=== Begin Enclosure ===

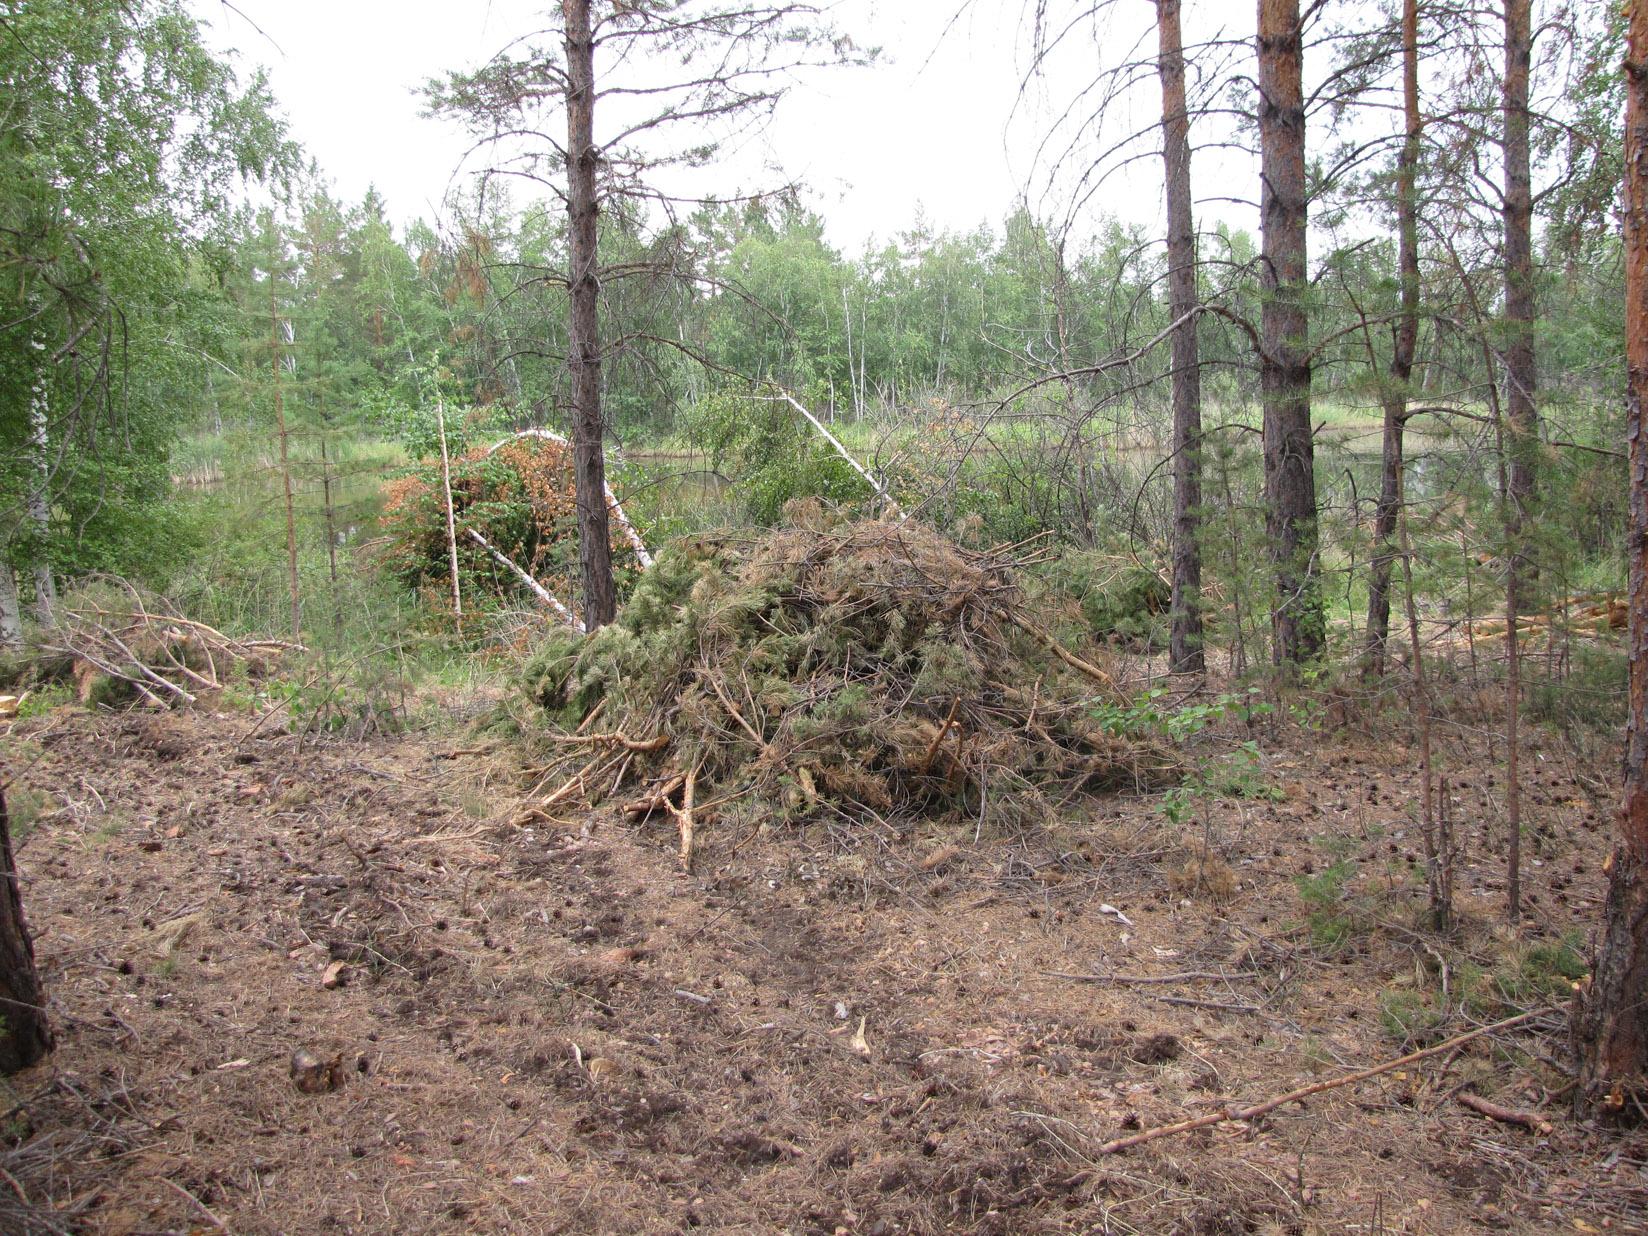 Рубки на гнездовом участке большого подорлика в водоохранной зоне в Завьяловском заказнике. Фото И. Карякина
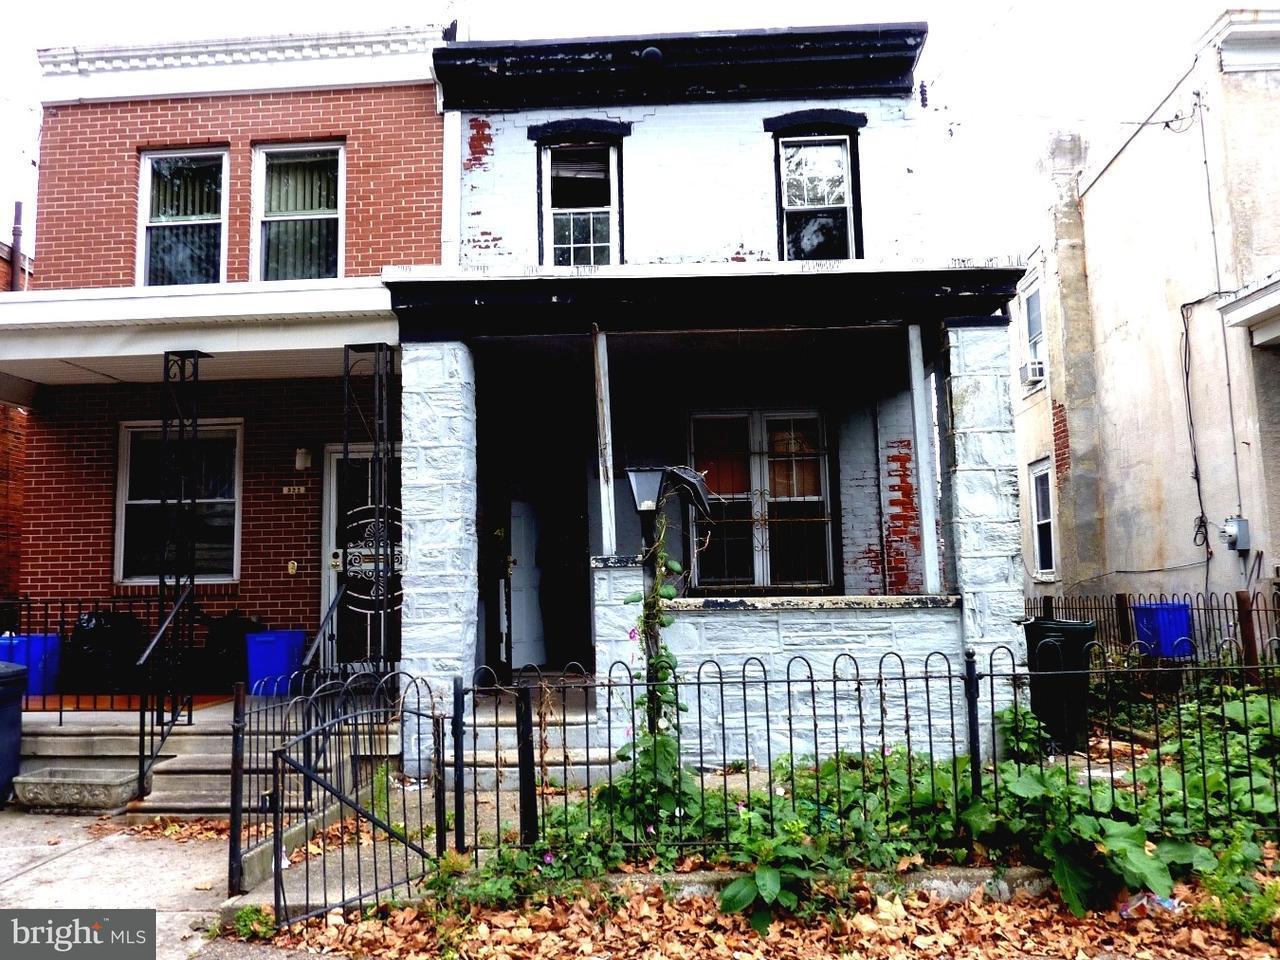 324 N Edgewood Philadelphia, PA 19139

=== End Enclosure ===
=== Begin Enclosure ===

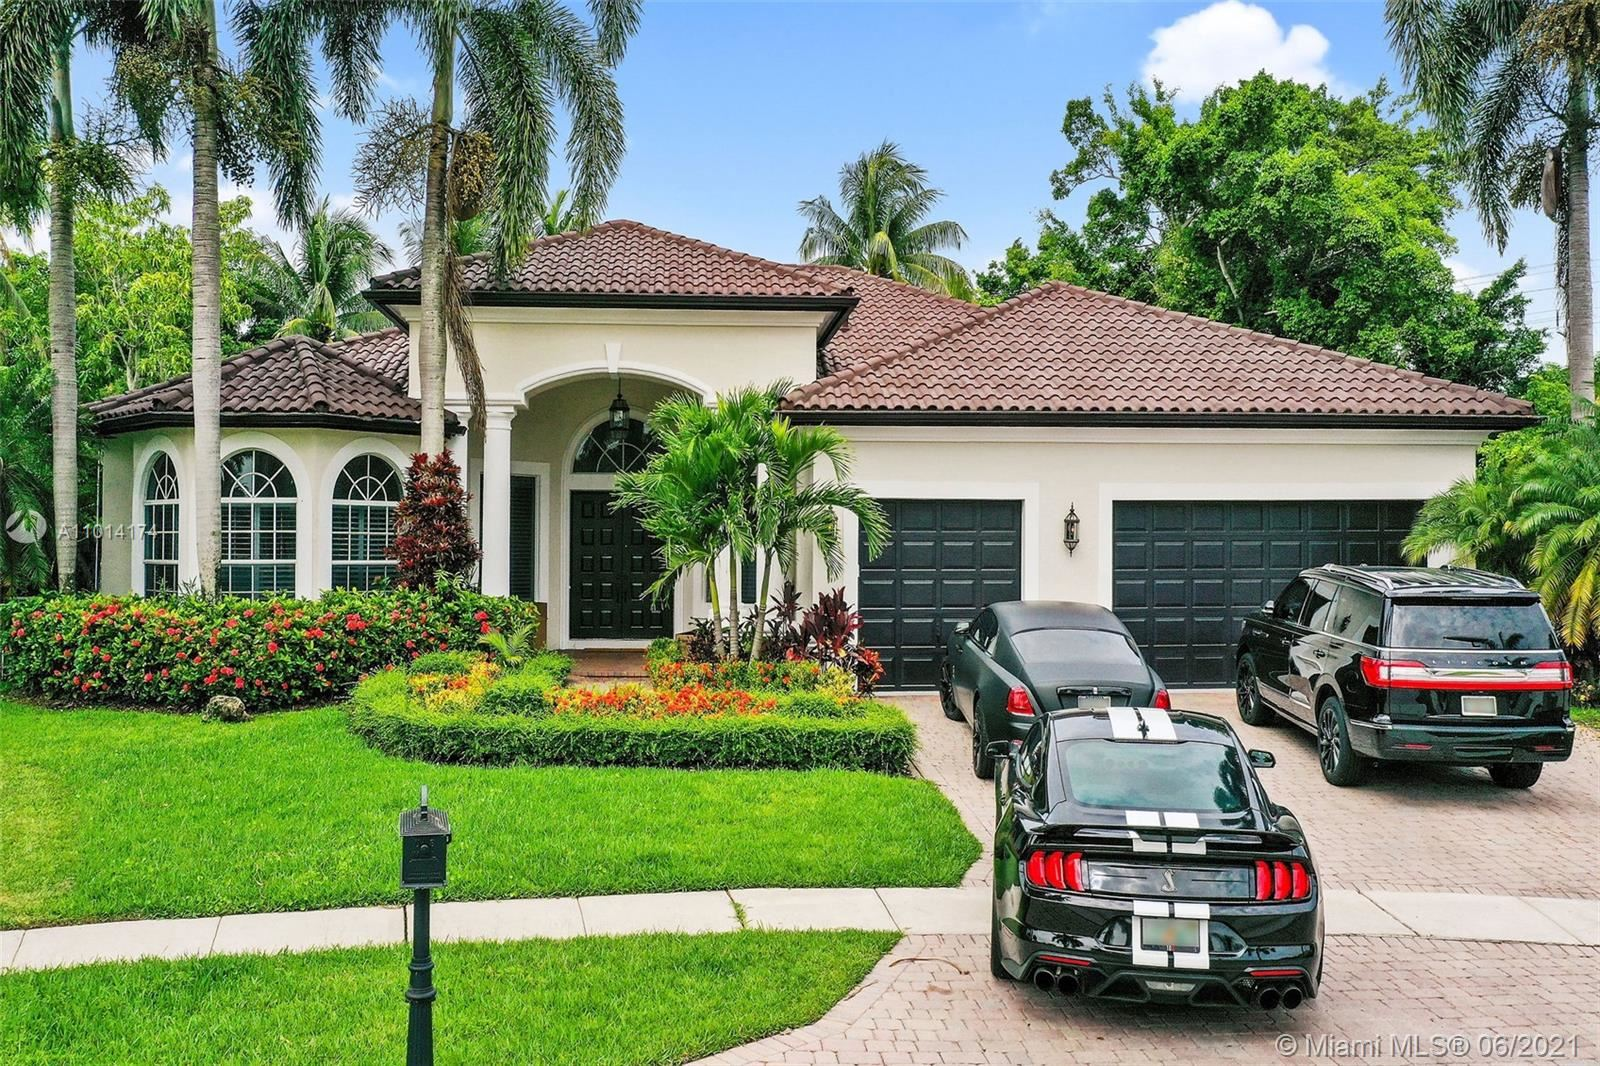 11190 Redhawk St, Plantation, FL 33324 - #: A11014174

=== End Enclosure ===

What the task requires = Using the data above, return the lines from the one holding "Рубки на гнездовом" through the one holding "324 N Edgewood Philadelphia, PA 19139" exactly, but not the pictures.

Problem solution =
 Рубки на гнездовом участке большого подорлика в водоохранной зоне в Завьяловском заказнике. Фото И. Карякина
 324 N Edgewood Philadelphia, PA 19139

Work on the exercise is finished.